*Your goal*: Everything in the listing must be repeated exactly, apart from the images.

#### Information shown ####

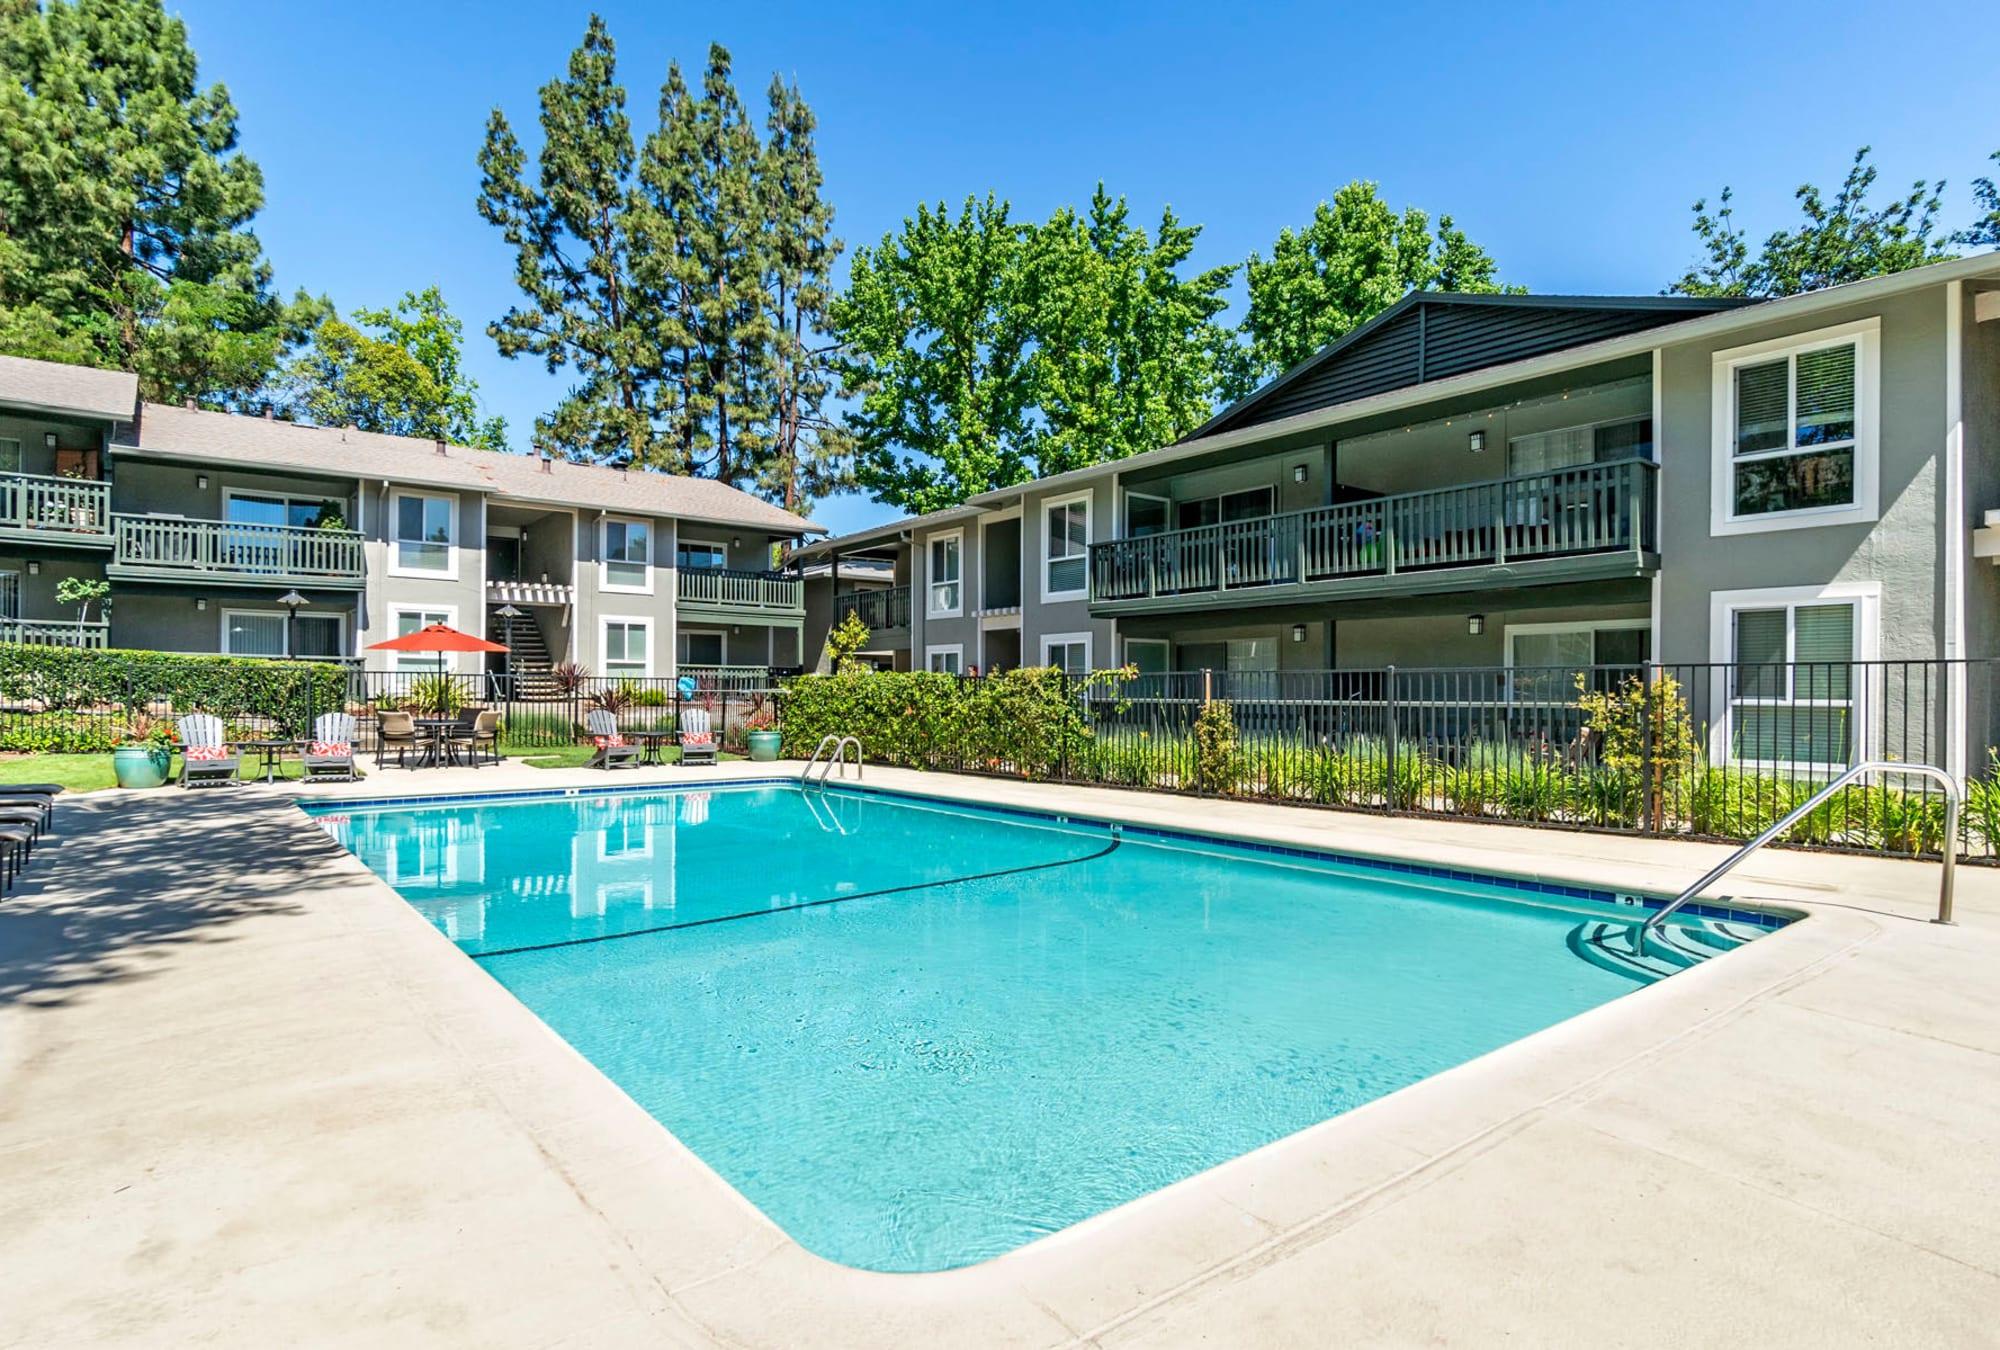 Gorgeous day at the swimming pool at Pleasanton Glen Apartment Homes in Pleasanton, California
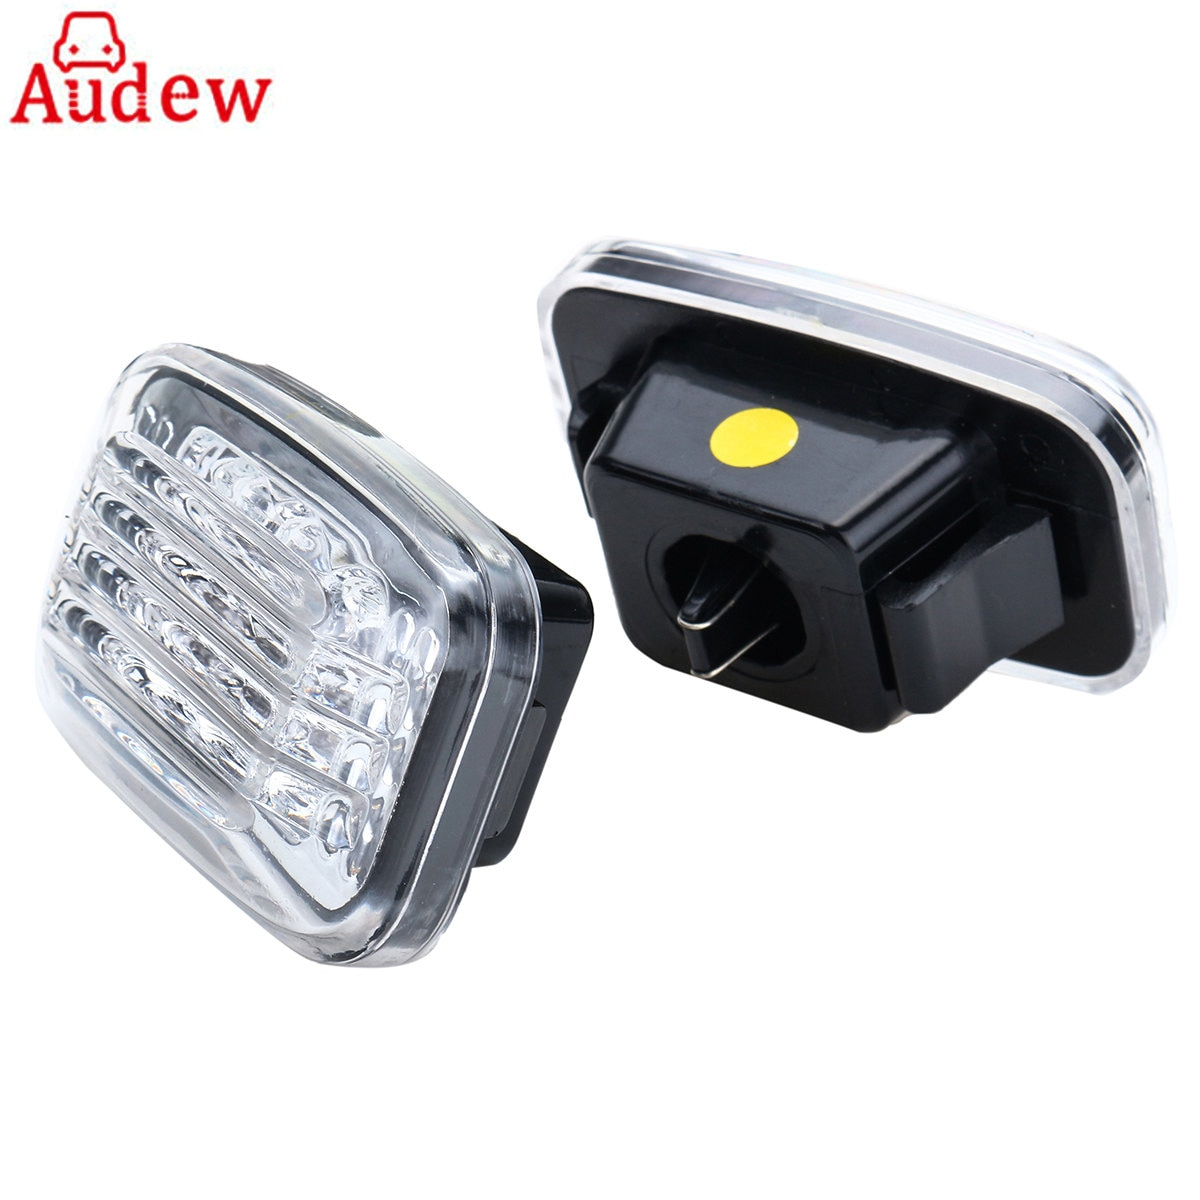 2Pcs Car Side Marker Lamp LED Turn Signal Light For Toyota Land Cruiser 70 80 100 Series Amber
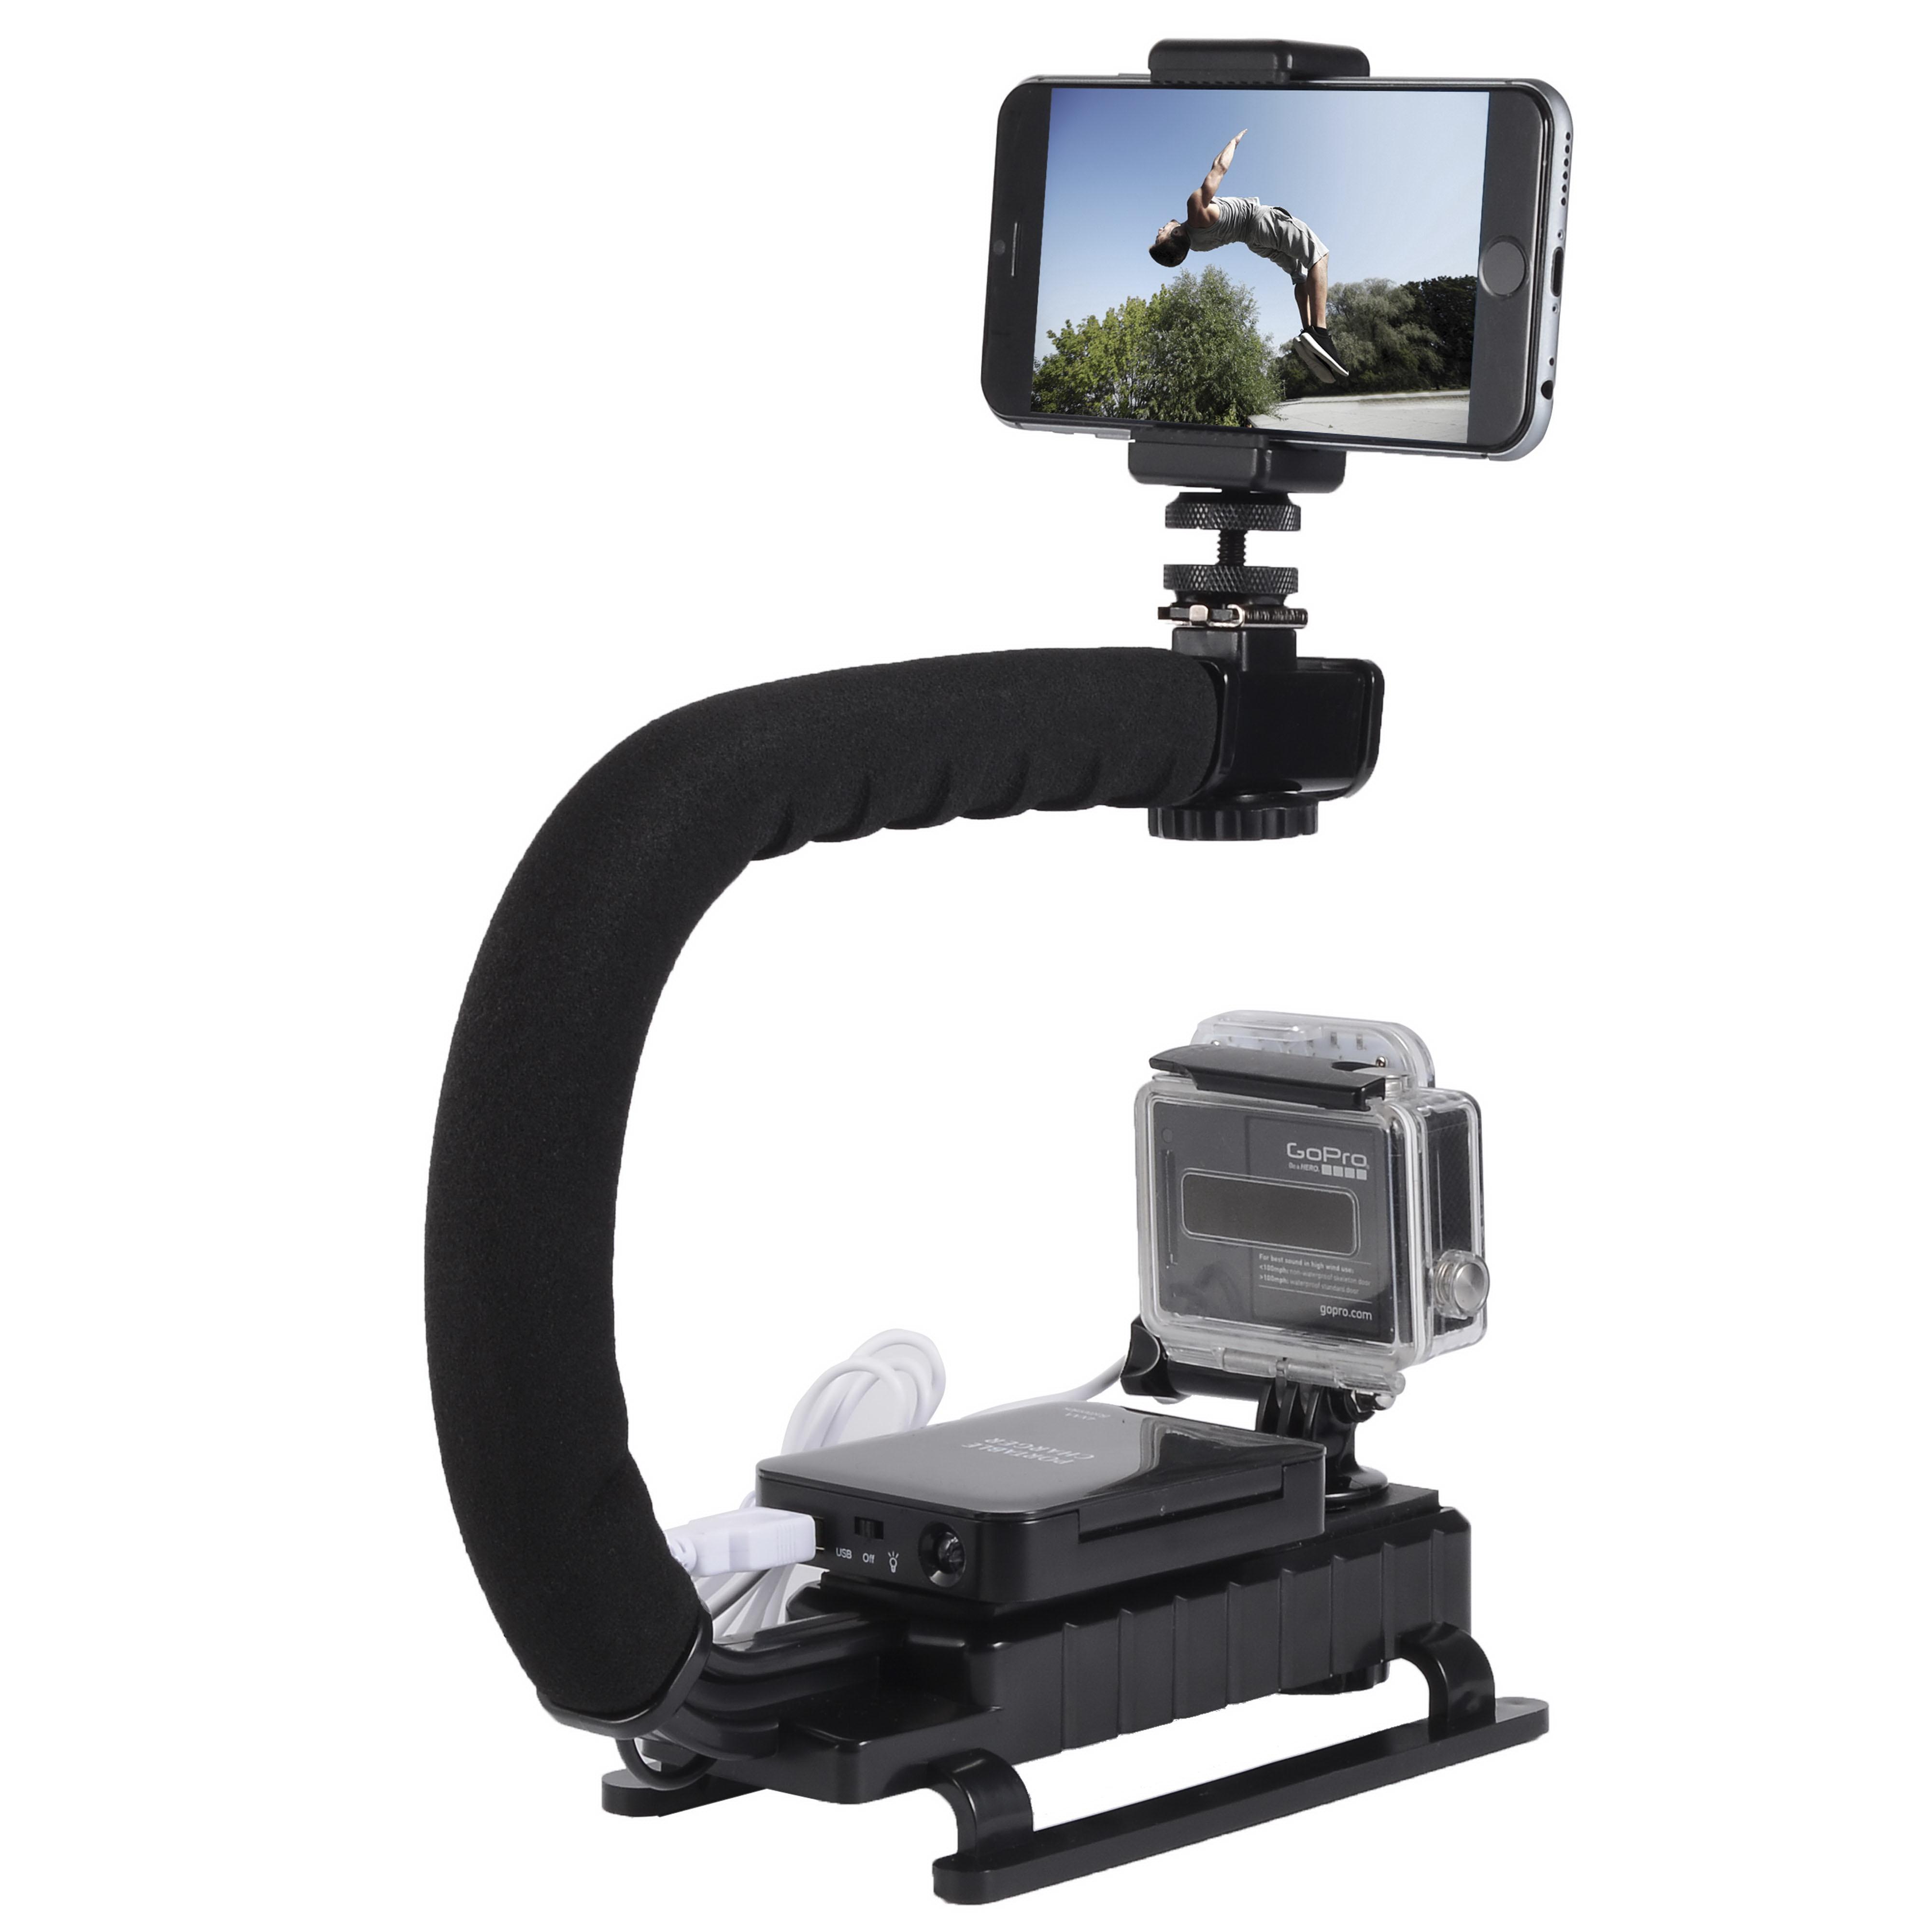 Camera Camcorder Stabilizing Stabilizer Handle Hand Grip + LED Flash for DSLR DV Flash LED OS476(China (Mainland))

####

*Task response*:
 Gorgeous day at the swimming pool at Pleasanton Glen Apartment Homes in Pleasanton, California
 2Pcs Car Side Marker Lamp LED Turn Signal Light For Toyota Land Cruiser 70 80 100 Series Amber
 Camera Camcorder Stabilizing Stabilizer Handle Hand Grip + LED Flash for DSLR DV Flash LED OS476(China (Mainland))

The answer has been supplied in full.